July 4, 2025
Most AI security reviews we've seen are web-app checklists with "LLM" labels pasted on top. That gap is exactly where the breaches happen. The attack surface of an enterprise AI orchestration layer is categorically different from a web app: tools execute real code, models emit text that downstream systems trust implicitly, and the blast radius of a single compromised agent can span every SaaS integration in your estate. These twelve controls are what our team treats as non-negotiable before any agent workflow touches production traffic.
Prompt injection is the SQL injection of the AI era—and it's significantly harder to detect because there's no grammar to parse, only semantics. Most teams get this wrong by only classifying the raw user prompt. The dangerous injections arrive in RAG-retrieved documents, because the vector store (Pinecone, Weaviate, pgvector) implicitly trusts its own content. We run a fine-tuned 7B classifier at p95 under 40ms that catches exactly those indirect injections before they enter a LangChain or LangGraph pipeline. Pair that with strict schema validation on structured inputs—JSON Schema or Pydantic—so any deviation gets a hard 400 before it reaches model context.
A platform team we worked with last quarter had an AutoGen agent with a shell-exec tool and an overly broad IAM role. One malformed instruction later, it was making API calls it had no business making. The fix is structural, not prompt-based.
When any AutoGen or CrewAI agent calls a tool—filesystem read, shell exec, HTTP fetch—that tool must run in an isolated execution context. We containerize every tool handler on Kubernetes with a dedicated service account, no ambient cloud credentials, and a strict seccomp profile. Network egress from tool pods is whitelisted at the Istio policy layer; anything not on the allowlist is dropped with a metric emitted to Prometheus. Model inference endpoints get the same treatment: each model family (GPT-4o, Claude, Llama-3) lives in its own namespace with ResourceQuota and NetworkPolicy. Cross-model calls go through a brokered API, never peer-to-peer, giving you a single audit point instead of a mesh of implicit trust.
An agent that can read your CRM and write to Slack is a data exfiltration pipe by definition. Model alignment is not a substitute for output filtering. You need two layers: pre-emission filtering and egress monitoring.

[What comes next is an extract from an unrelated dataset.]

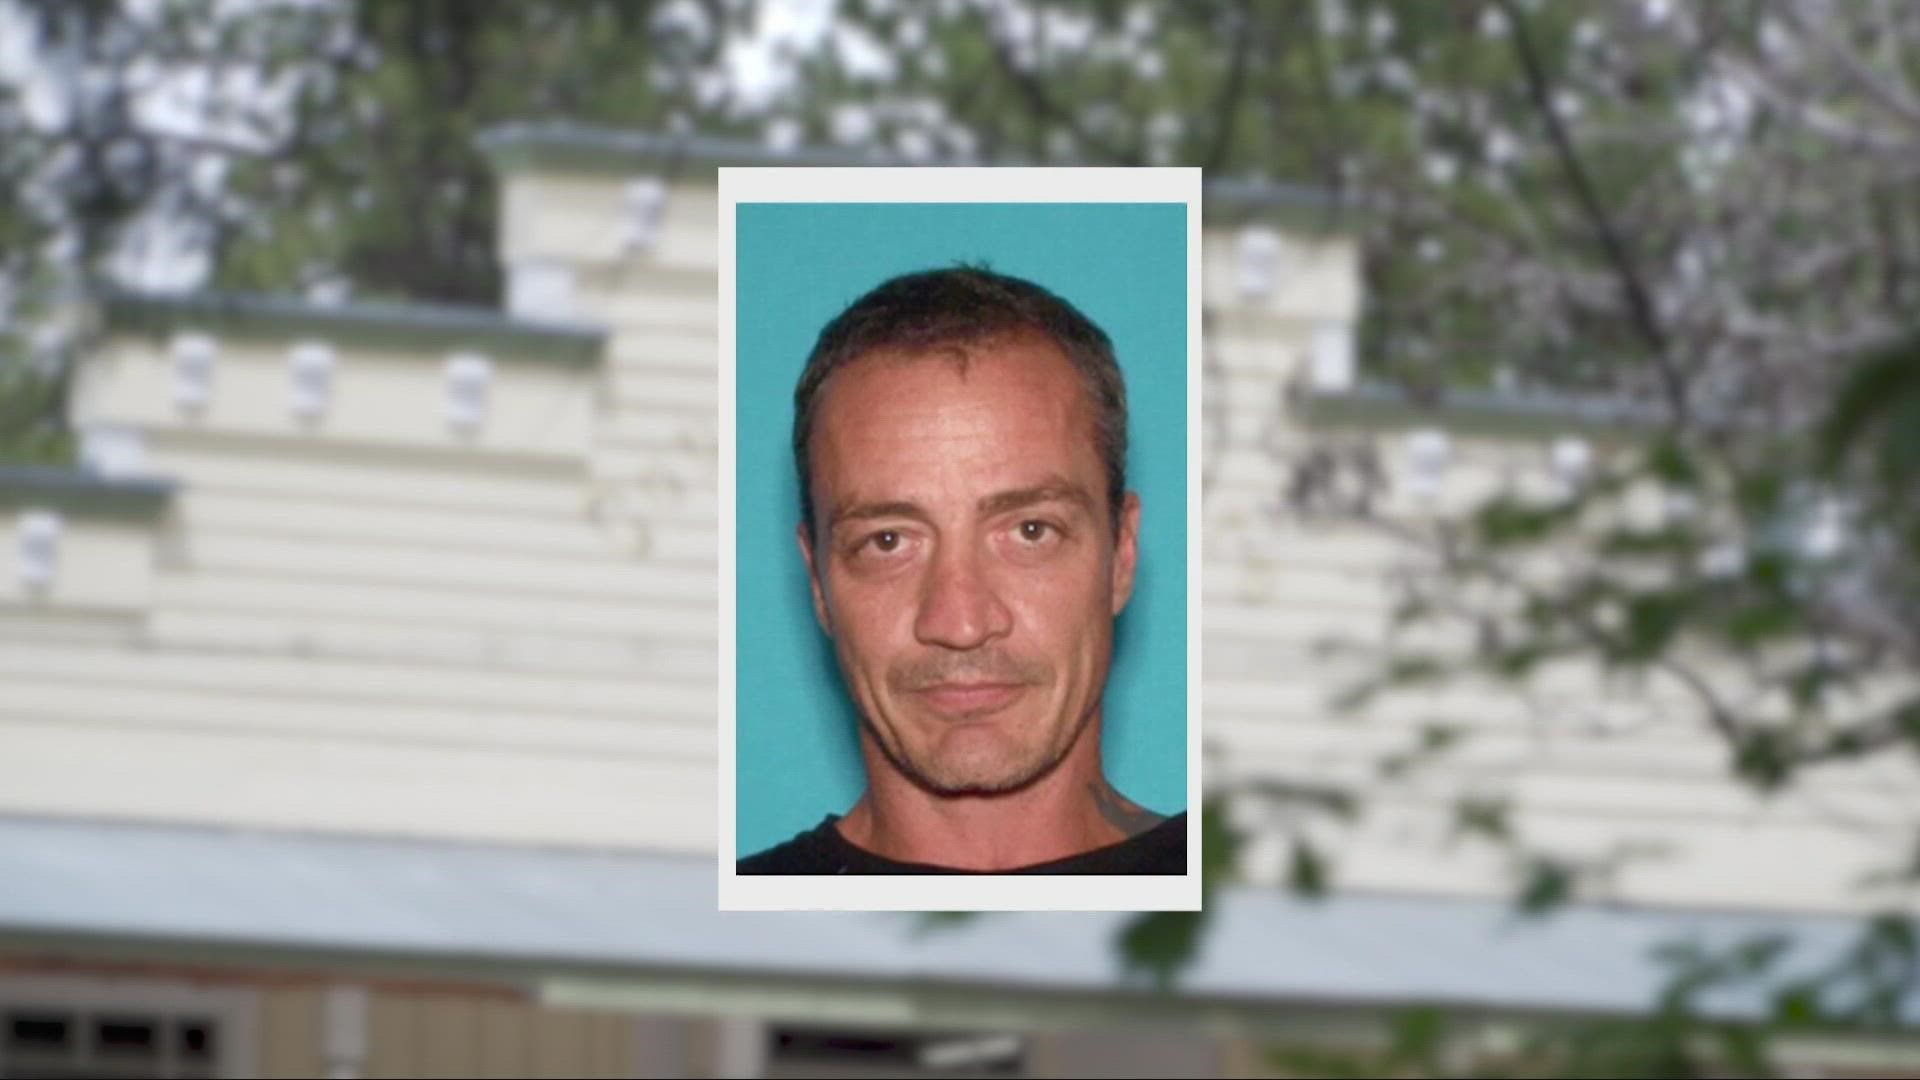 Firing shots at the store after kidnapping his ex-girlfriend, an employee of the store, law enforcement say the suspected kidnapper is 49-year-old Allyn Charpentier.

Before any model output reaches an external channel, run it through a classifier trained on PII patterns, internal code identifiers, and credential regexes. We use a regex engine plus a small BERT-based classifier in combination: the regex catches known-format secrets (AWS keys, JWTs) at sub-millisecond latency, while the classifier handles free-form sensitive content with a 0.5% false-negative target.
# Example output-filter config (simplified)
output_filter:
rules:
- name: aws_key
pattern: "AKIA[0-9A-Z]{16}"
action: redact
- name: internal_hostname
pattern: "\.(corp|internal)\b"
action: block_and_alert
classifier:
model: bert-pii-v3
threshold: 0.87
fallback_on_timeout: block
Rate limiting isn't cost control dressed up as security—it's your earliest signal that a credential is compromised or an agent is stuck in a loop. Set hard limits at both the API gateway (requests per minute per API key) and at the orchestration layer (LlamaIndex retrieval calls per workflow run). Export counters to Prometheus and alert at 80% of ceiling, not 100%. Waiting until you hit the wall is too late.
Every outbound HTTP call from an agent workflow should be proxied through a controlled egress gateway that logs destination, payload size, and response code to Kafka for stream processing. Anomaly detection on that Kafka topic catches novel exfiltration channels faster than any signature-based tool will. On dependencies: LangChain releases frequently and has had several supply-chain incidents. Pin versions. Maintain a Software Bill of Materials for every AI dependency and run automated SBOM diffs against a known-good baseline on every dependency update.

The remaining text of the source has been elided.